If we all had to pay for a book what we pay for a painting by an estabished artist (R35000, with ease), most of us would not be able to read at all. Books would be reserved for the privileged. Books are, and always have been, a luxury; an outgrowth of our culture. As is music, and art.
So, does that mean I agree with Amazon’s practices of making KDP-s books available for “free” to subscribers of the KU program? Or with the pirate sites that feel that all books ought to be free?
It’s complex. You could regard a library as a “subscription service”. (How do you as author feel about libraries?) And once a book is out of copyright (70 years after the death of the author), it legally becomes creative commons – at which point it should be available for free, at least as an ebook (paper books have physical printing cost, this is obvious). So the Gutenberg Project (and IMSLP on the music side) has done a lot to boost culture. And therefore, to help build the “market”, the readers.

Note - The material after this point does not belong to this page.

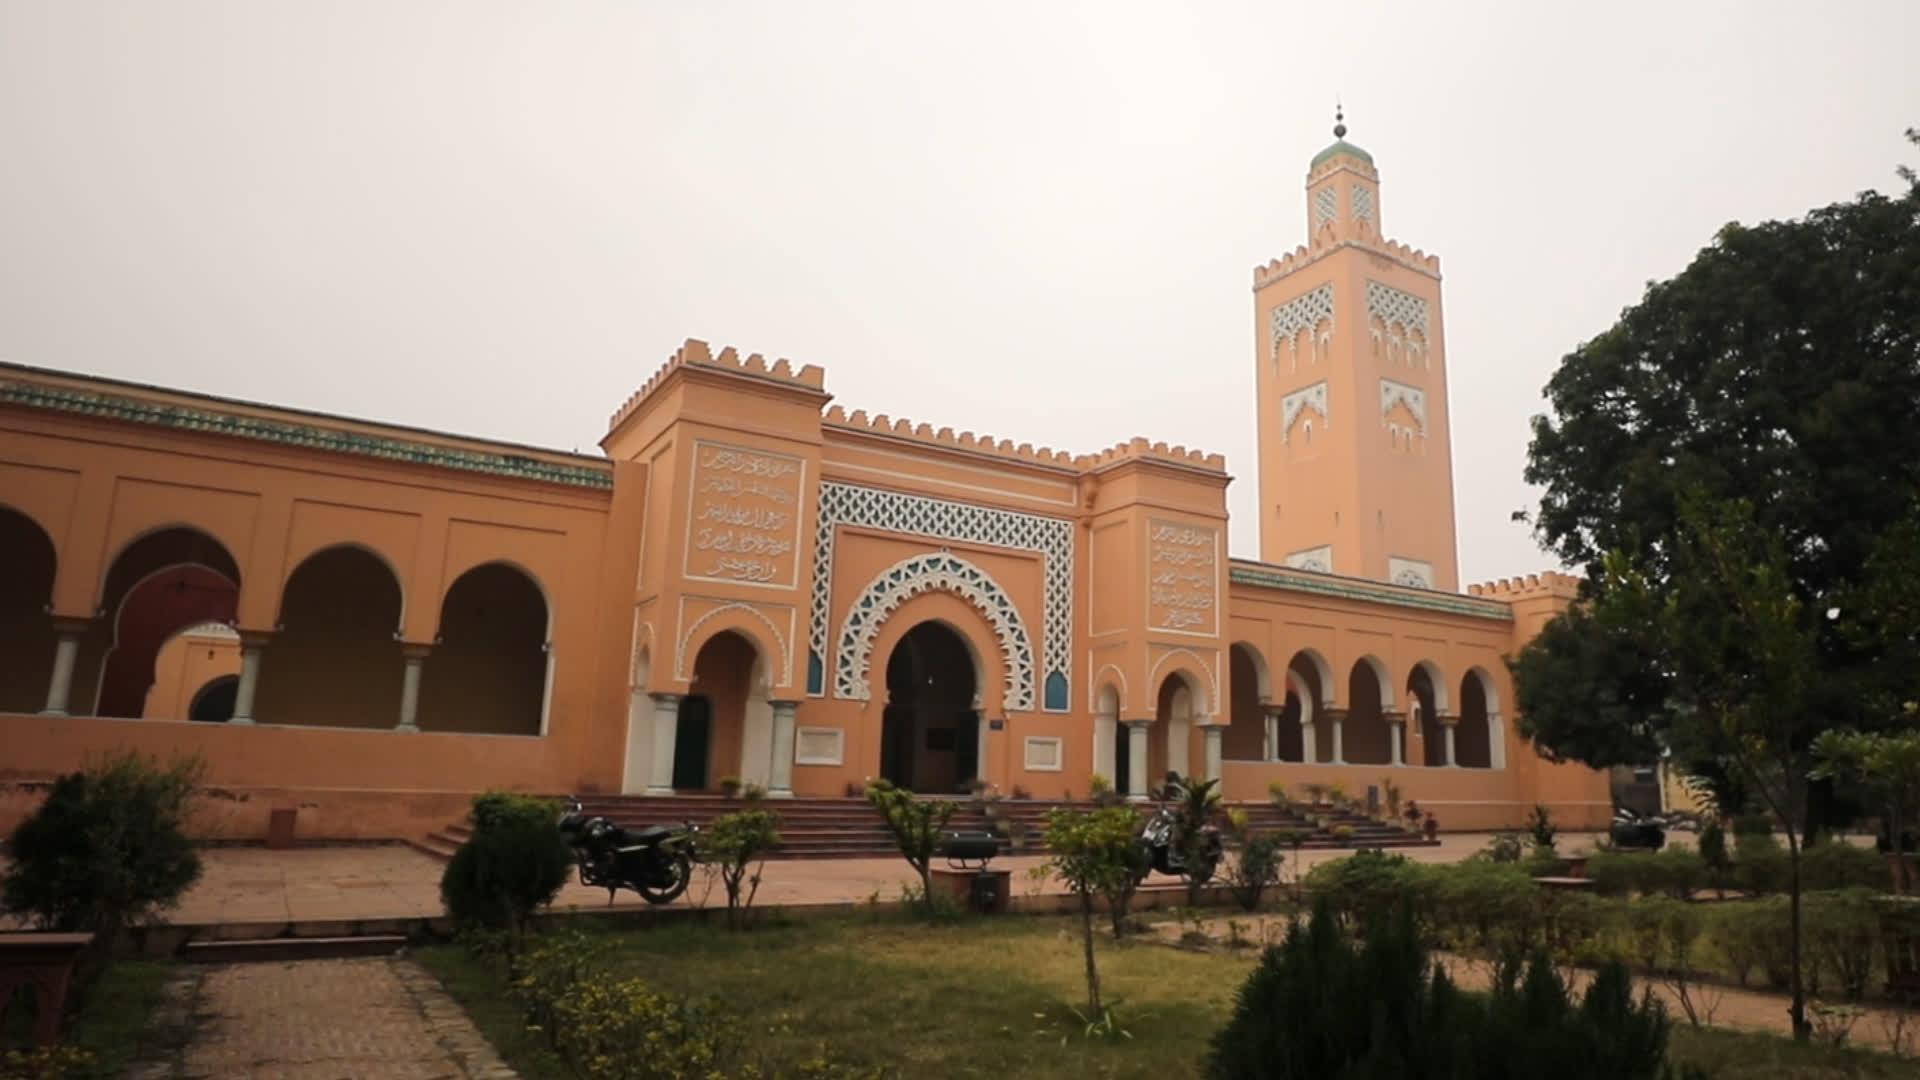 The Moorish Mosque of Kapurthala, Punjab

Of course, readers, LOL, you’re not really getting all those reads for free! You’re paying subscription, month after month. It’s the equivalent of going to the shop every month to buy books to the value of $9.99. The “free” is an illusion. And for places like Amazon and Scribd, it’s a pocketed sale – $9.99 worth of sale monthly that they don’t have to worry about. It will come in anyway, regardless which books you pick. (Nearly $120 per year, if you look at the big pic.) If you want genuine free reads, go visit & support your local library.
But there is a conceptual problem with a subscription service for reading new books, by new authors. It is this: Fail to feed the artist and there will be no more art. These programs throttle the market, instead of boosting it. By killing the source.
So let’s investigate Lyons’ question: What is a book actually worth?
A good book can change your outlook entirely. It may change your life. Good books have nearly god-like power over people; because people create their environment (and therefore, collectively, the world we live in) through their actions, which are directed by their thinking habits – which books have the power to overthrow entirely. Think of Ayn Rand’s books, and the cult of that arose around her. She is said to have had the critical impact on America’s top bankers, politicians, billionaires. That is the power of Book.
For another example consider the Bible, the Koran, the Talmud. Or, closer to home for some, the “Writer’s Guide”. (Any one of them!) And then, think of the way ‘Harry Potter’ has shaped a whole generation’s thinking. Are you a muggle? How about, ‘The Secret’? Making us all magical beings that can create (‘manifest’) whatever we want in our lives? (Namaste! – or should I say: cheers!)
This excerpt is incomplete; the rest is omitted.